As the chart below shows, Sprint’s churn rate at 2.09% is the worst in the industry. AT&T’s is (T) the best. Verizon (VZ) and T-Mobile (TMUS) take the second and third spots, respectively, among major telecom players in the U.S.
A higher churn rate means subscribers move out of Sprint’s network too often, raising the costs associated with acquiring a new customer.
Sprint is hopeful that its churn rates will improve in the next quarter
During the conference call to announce its 2Q14 earnings, Sprint’s management mentioned that the network transition from 3G to LTE affected the performance of its voice and data service. The company also mentioned that its churn levels begins to stabilize in the markets where its network replacement is 70% or more complete and for a certain period. For example, the churn rates are 14 basis points better in markets where the network is at least 70% complete for seven months or longer.
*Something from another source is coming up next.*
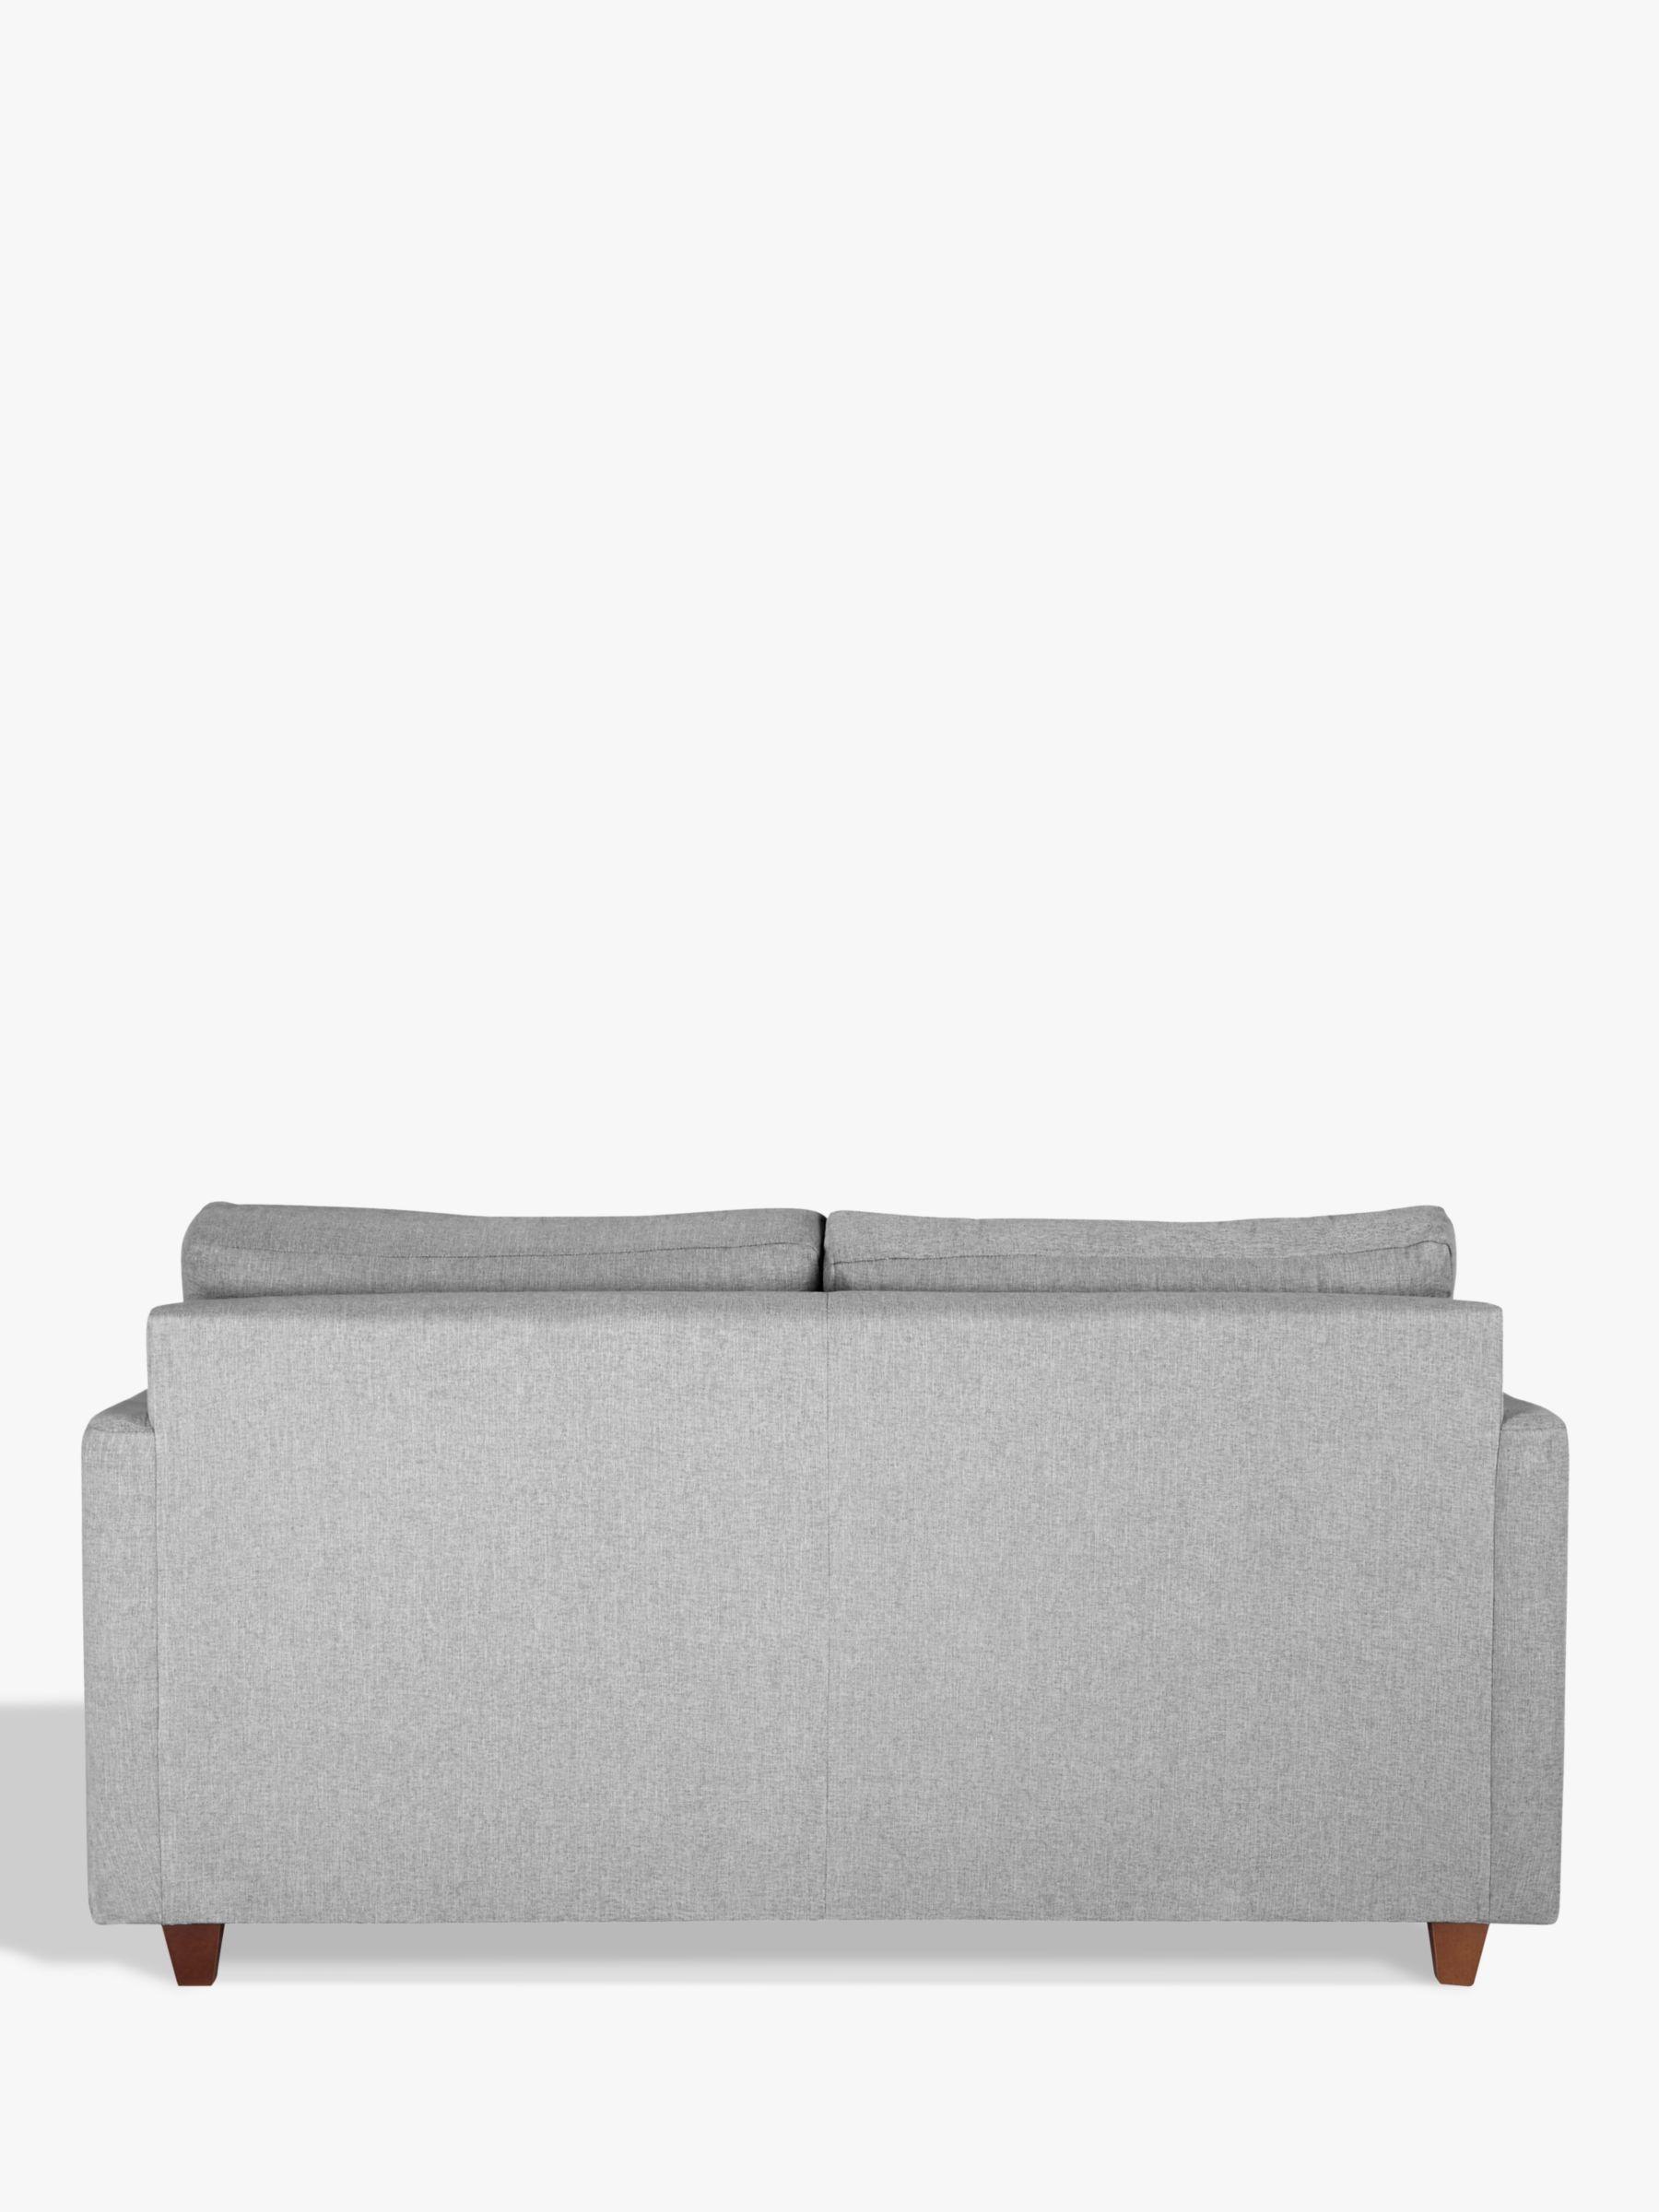 Made Marl Grey Sofa Bed Sofa Bed Grey Sofa Bed Foam Mattress

The churn rates improved a further 22 basis points in markets where the network is complete at least 70% for ten months or more. So management is confident that churn rates should improve. Management also mentioned that, historically, it has seen churn rates increase by 20 basis points on average from the second quarter to the third quarter. But this time, management is confident that churn rates will improve sequentially from the second to third quarter.
Improving churn rates would not only help Sprint’s investors but also exchange-traded funds (or ETFs) such as the iShares U.S. Telecommunications ETF (IYZ) that have high exposure to Sprint.